Entre as propostas rejeitadas na Comissão estavam emendas que previam a assinatura digital das listas e a introdução da paridade de gênero nas listas fechadas, tanto nas listas circunscricionais quanto na etapa de atribuição do prêmio. A queda desses textos alimentou críticas transversais sobre a ambição do desenho final da reforma.
Riccardo Magi, líder de Più Europa, centrou-se nas preferências ao denunciar a falta de um confronto mais amplo e multipartidário. "A nossa democracia em crise precisava de maior atenção e de partilha com o parlamento e a oposição", disse, prevendo que a proposta aprovada reduziria a liberdade de escolha dos eleitores — sobretudo por retirar a amplitude dos colegi e eliminar mecanismos como o duplo turno. A seu ver, existe hoje um "premio di maggioranza" excessivo que torna a proposta pior do que a lei vigente.
Simona Bonafè (PD) alertou para o fato de que menos de 50% das emendas apresentadas foram examinadas em Comissão.
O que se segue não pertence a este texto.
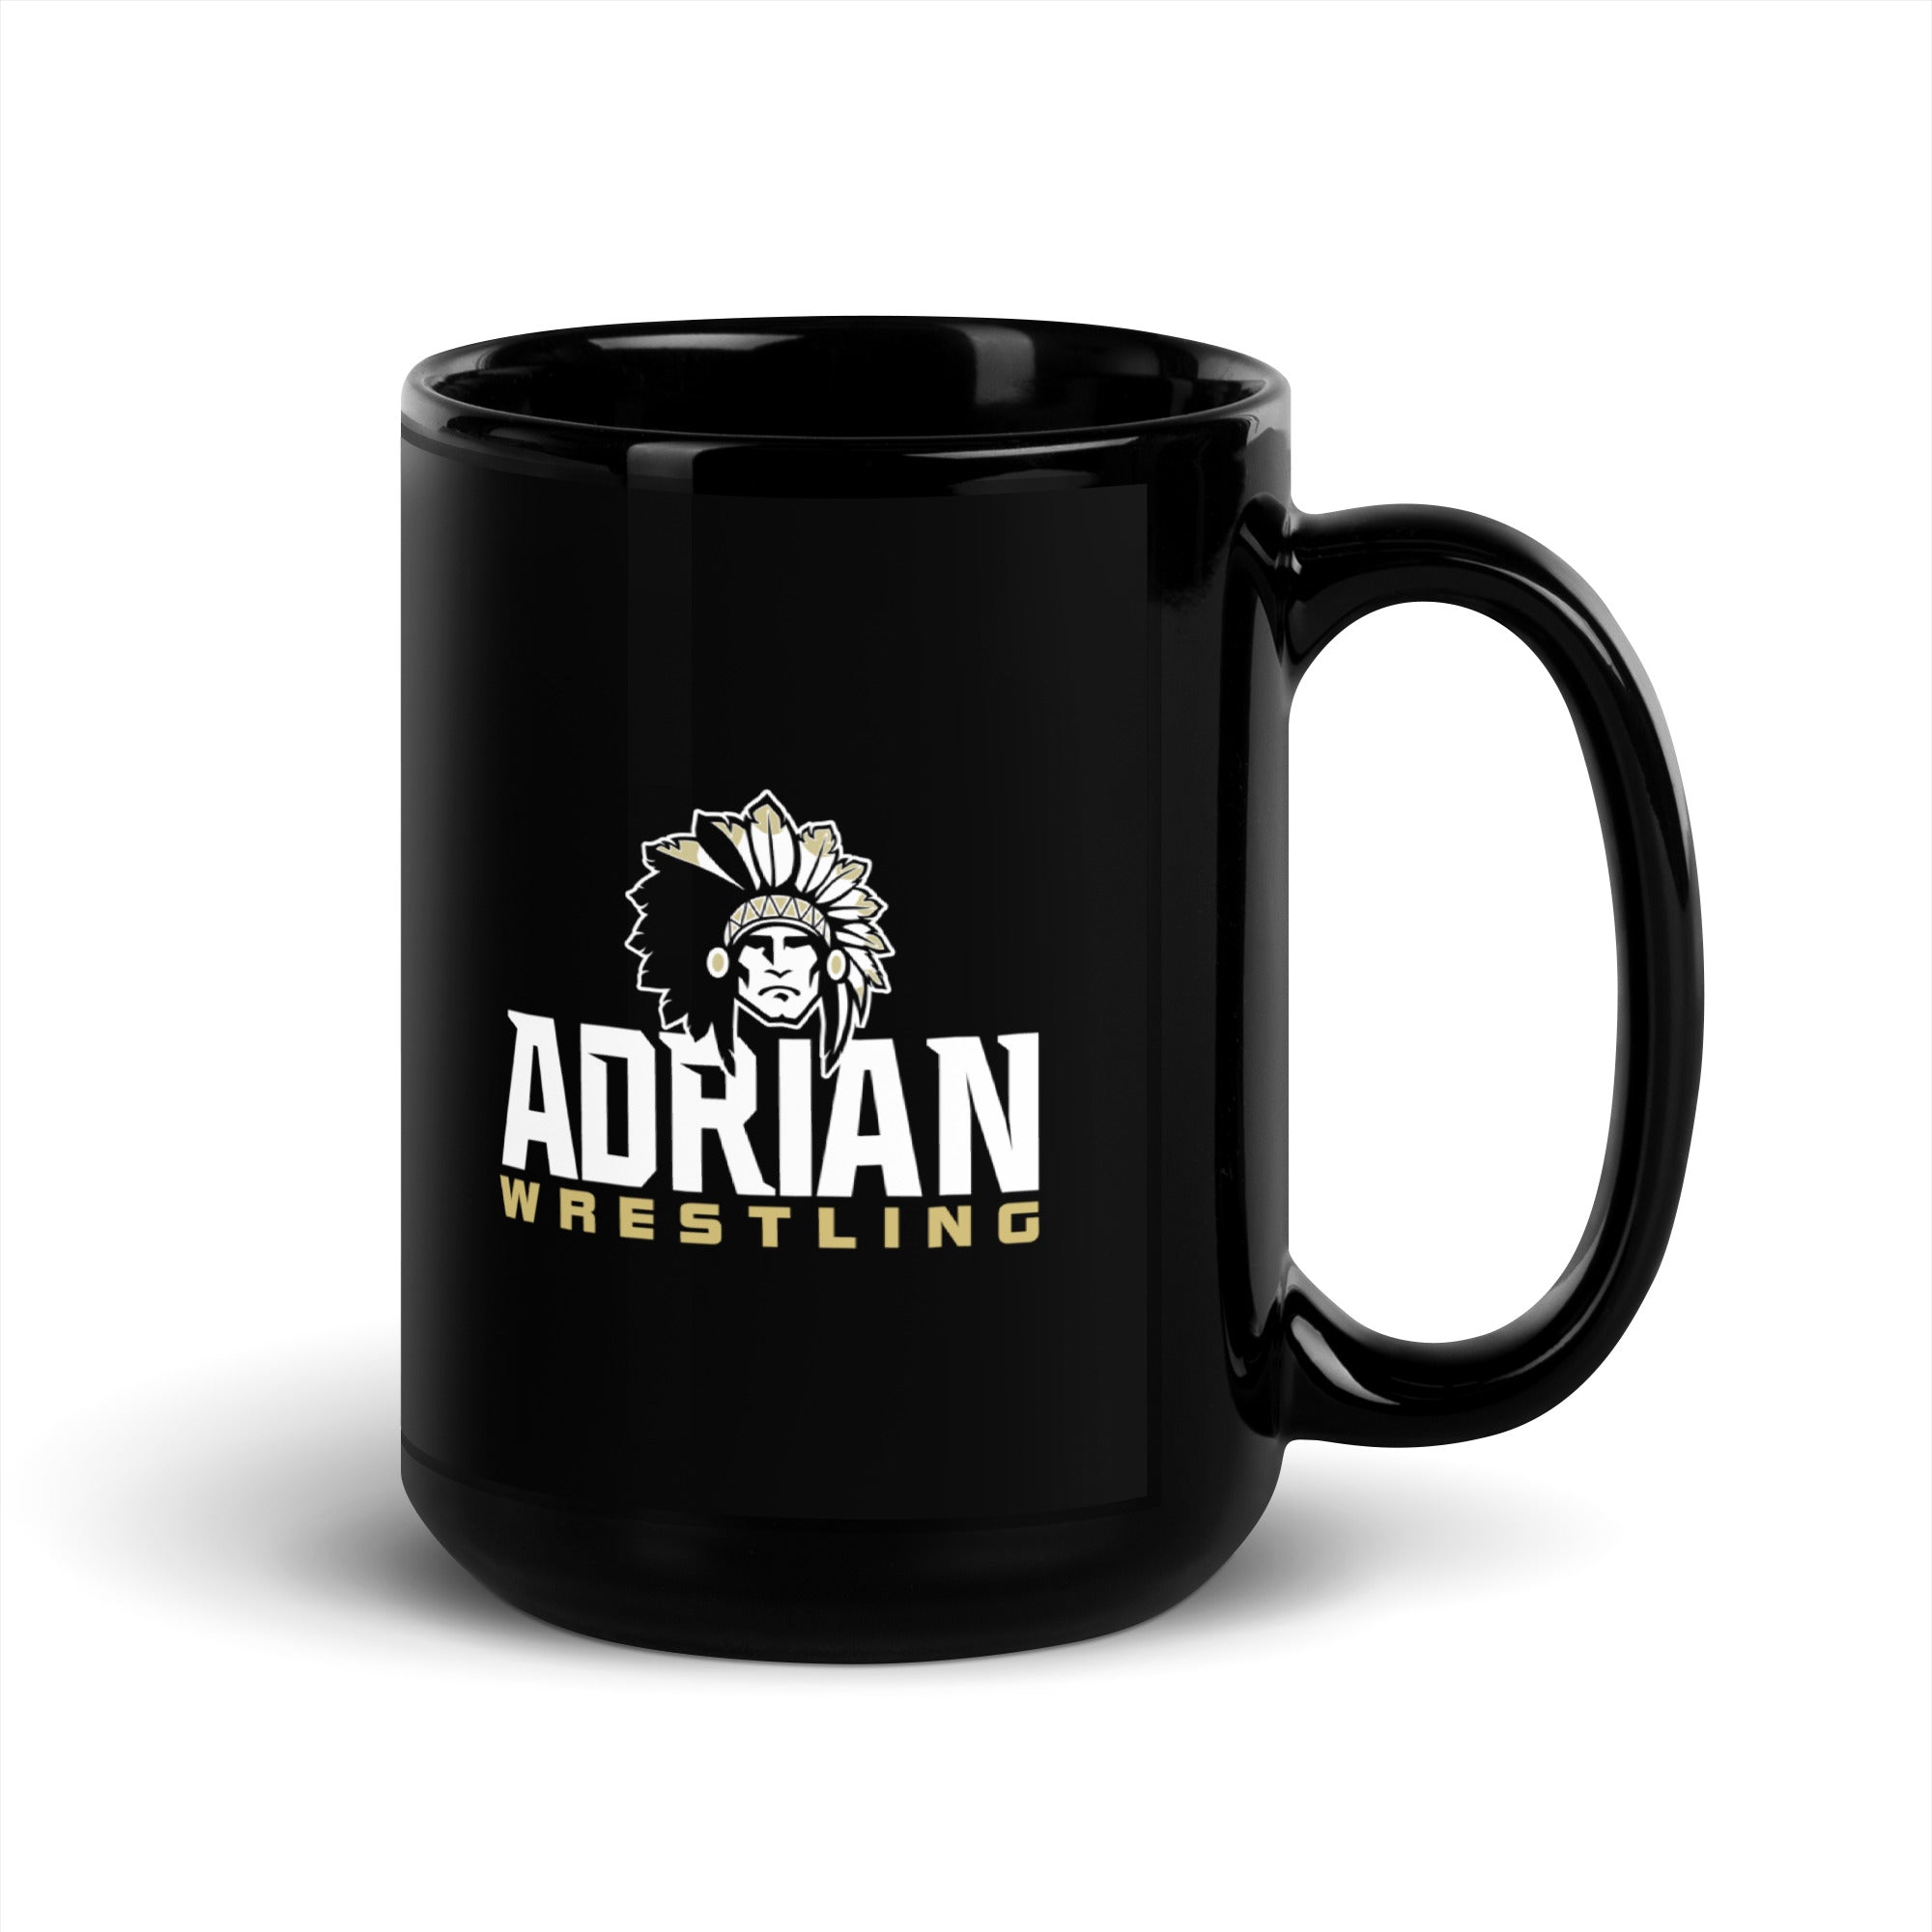 Adrian Wrestling Black Glossy Mug

Muitas propostas teriam sido arquivadas não por mérito, mas por dificuldades internas da maioria, deixando "os grandes nós políticos" para serem dirimidos diretamente no plenário sem debate adequado.
Uma preocupação adicional, segundo Bonafè, é a invocação precoce da questão de confiança por parte de membros da maioria — medida que, afirmou, configuraria "uma compressão inaceitável do debate parlamentar sobre uma matéria que toca o funcionamento mesmo da nossa democracia".
Vittoria Baldino, do M5S, recordou o extenso calendário de audiências e destacou a necessidade de que o processo legislativo preserve transparência e participação. Com a votação em plenário marcada para sexta-feira, a proposta chega ao coração da casa com fraturas internas e debates cruciais ainda em aberto.
Como repórter que observa a construção das regras que regem a cidadania, vejo este episódio como mais um teste aos alicerces da legislação eleitoral: uma reforma que mexe na arquitetura do voto não pode ser erguida às pressas nem sobre omissões de debate. A ponte entre decisões de Roma e direitos dos cidadãos depende, acima de tudo, de processos que não derrubem barreiras burocráticas nem silenciem escolhas do eleitorado.